## Required work
The answer is the line with "no booking fee mexico city vacation rentals" and every line after it to the end of the listing, retyped exactly. Pictures do not belong in it.

START Material provided

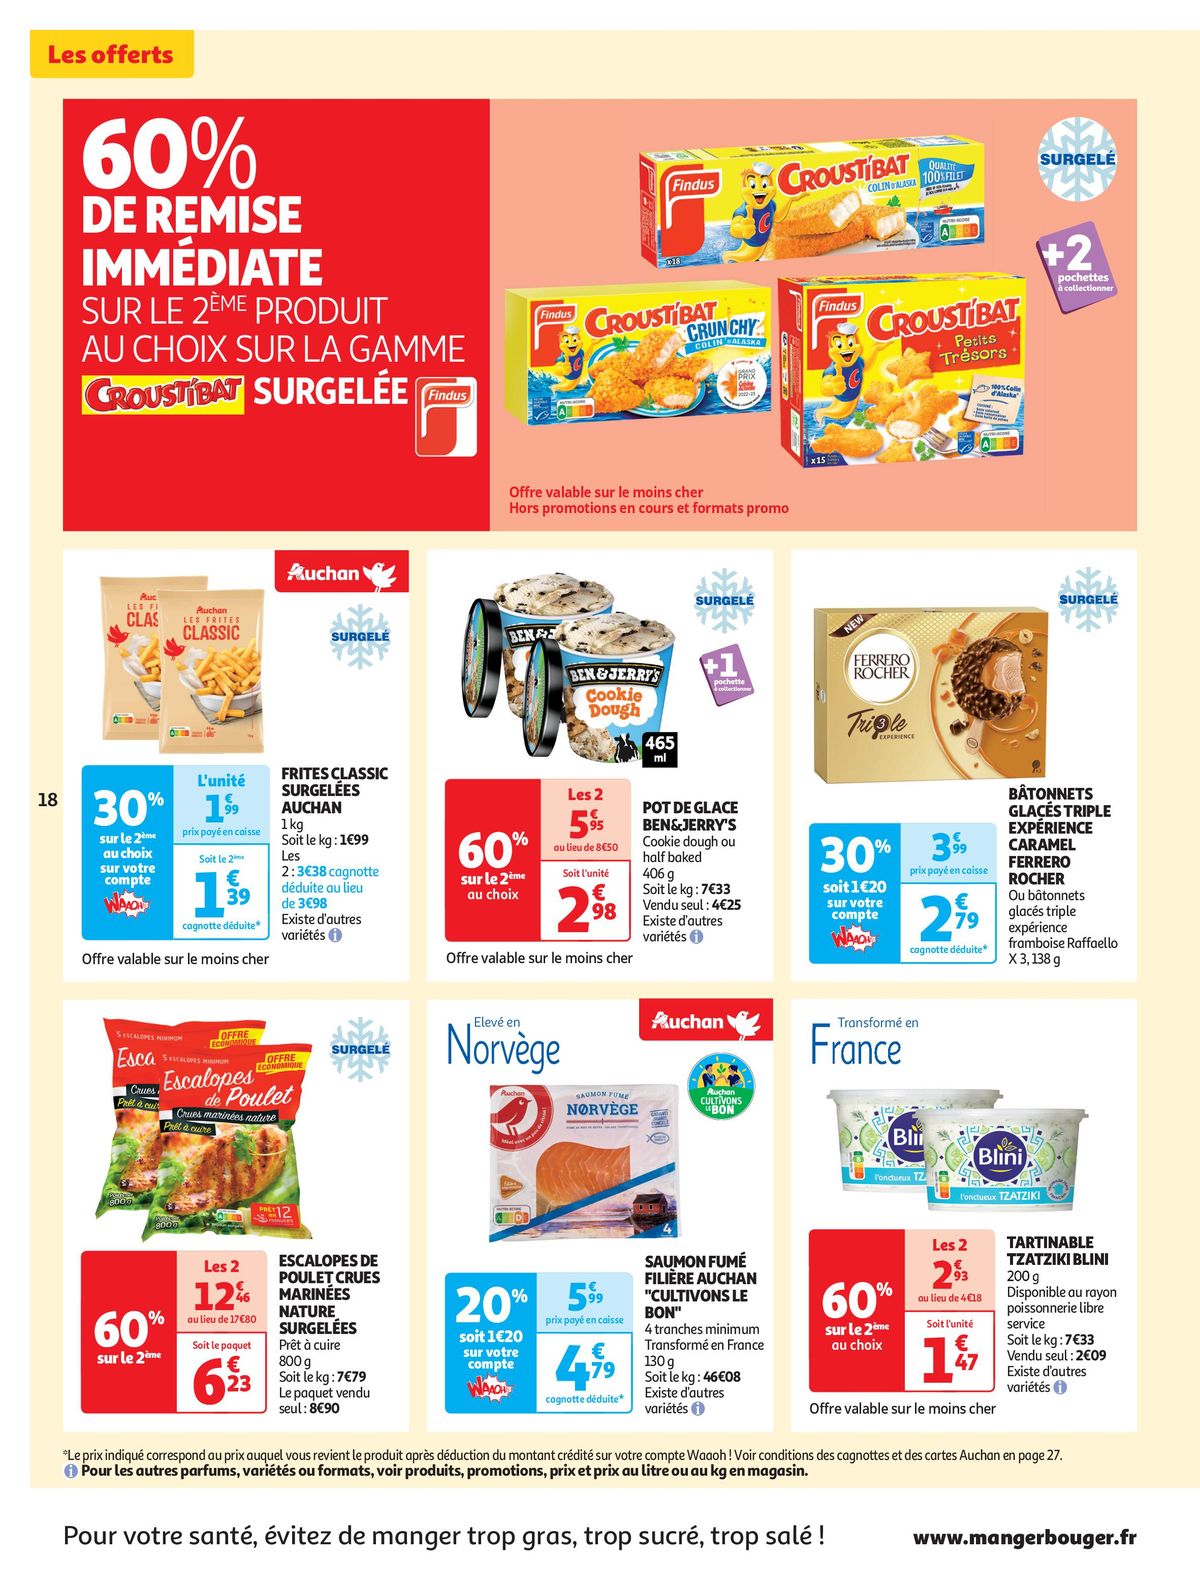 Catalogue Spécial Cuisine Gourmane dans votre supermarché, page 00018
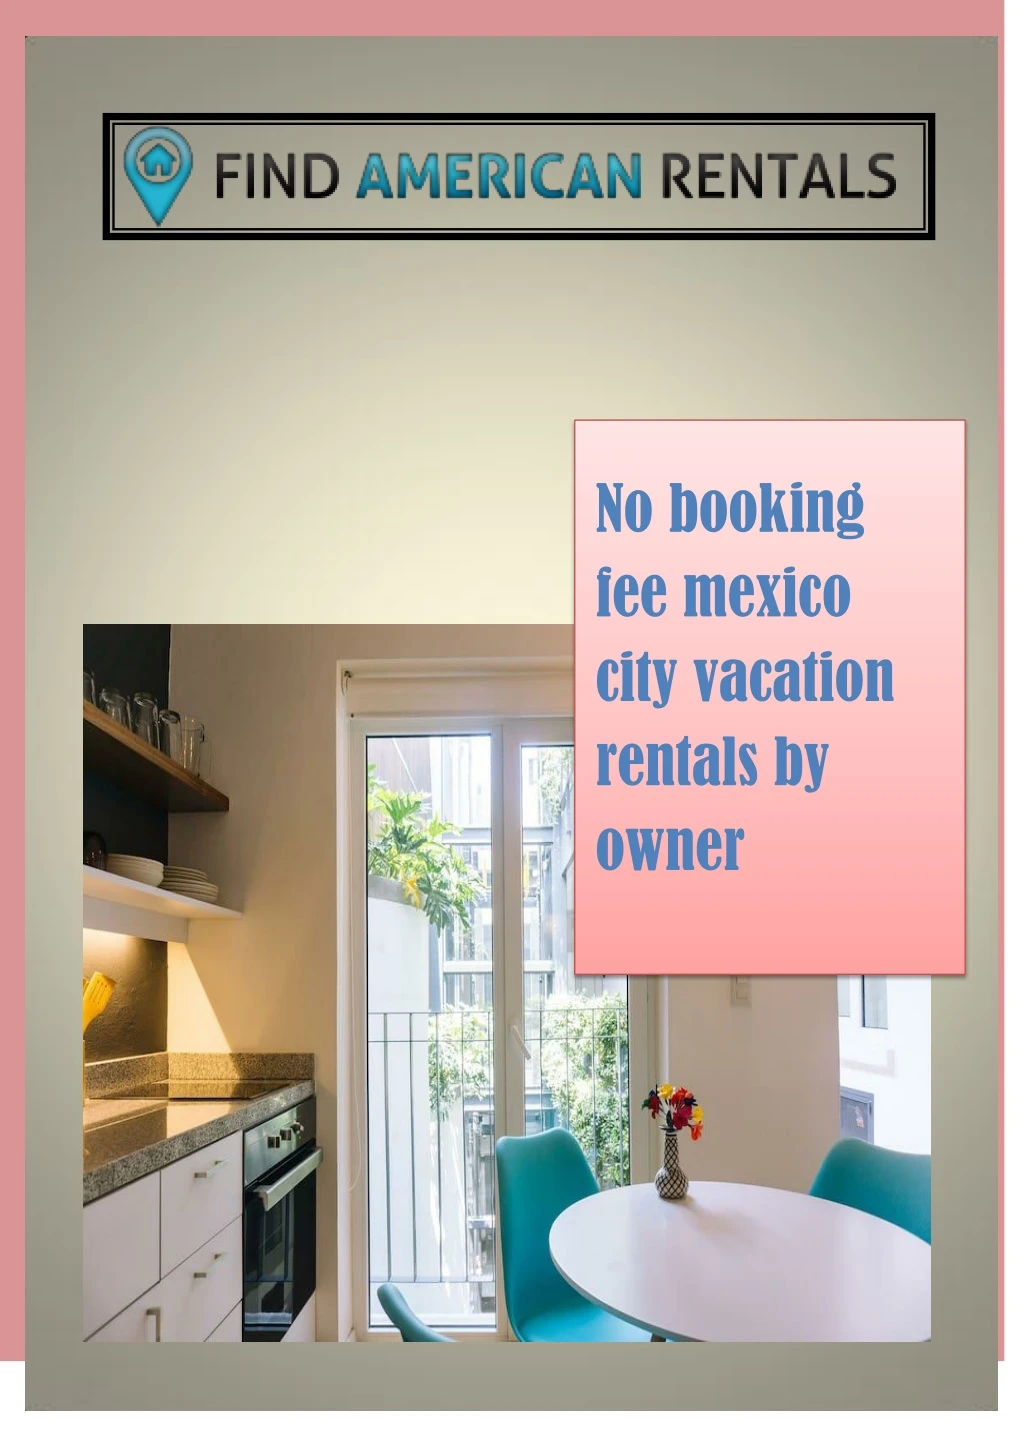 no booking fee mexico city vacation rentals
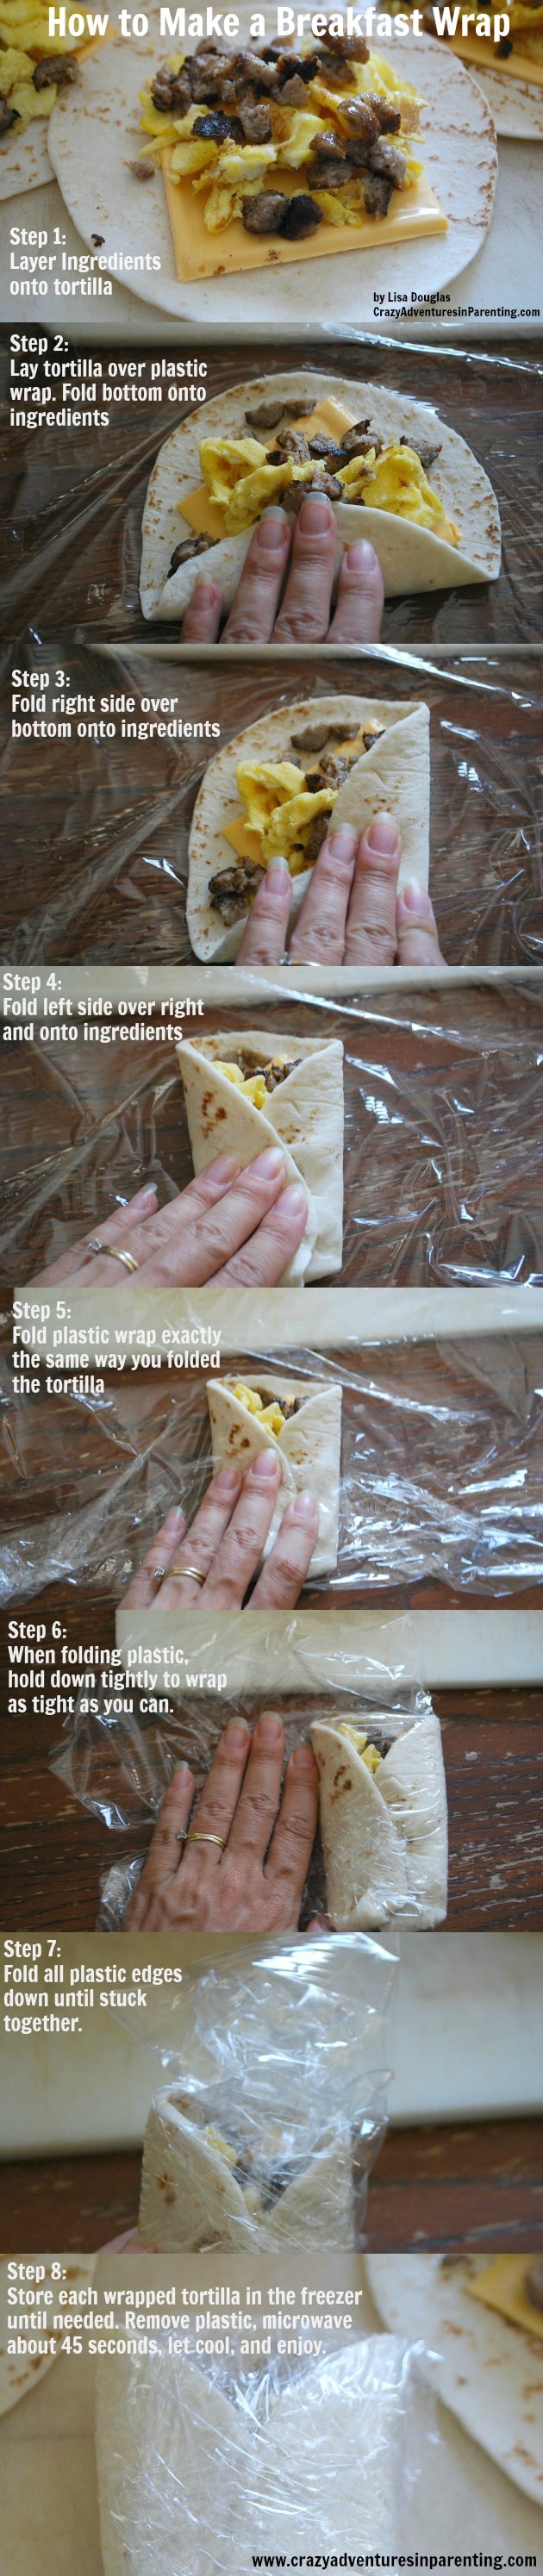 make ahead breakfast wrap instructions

END Material provided

## Output for this exercise
 no booking fee mexico city vacation rentals
 make ahead breakfast wrap instructions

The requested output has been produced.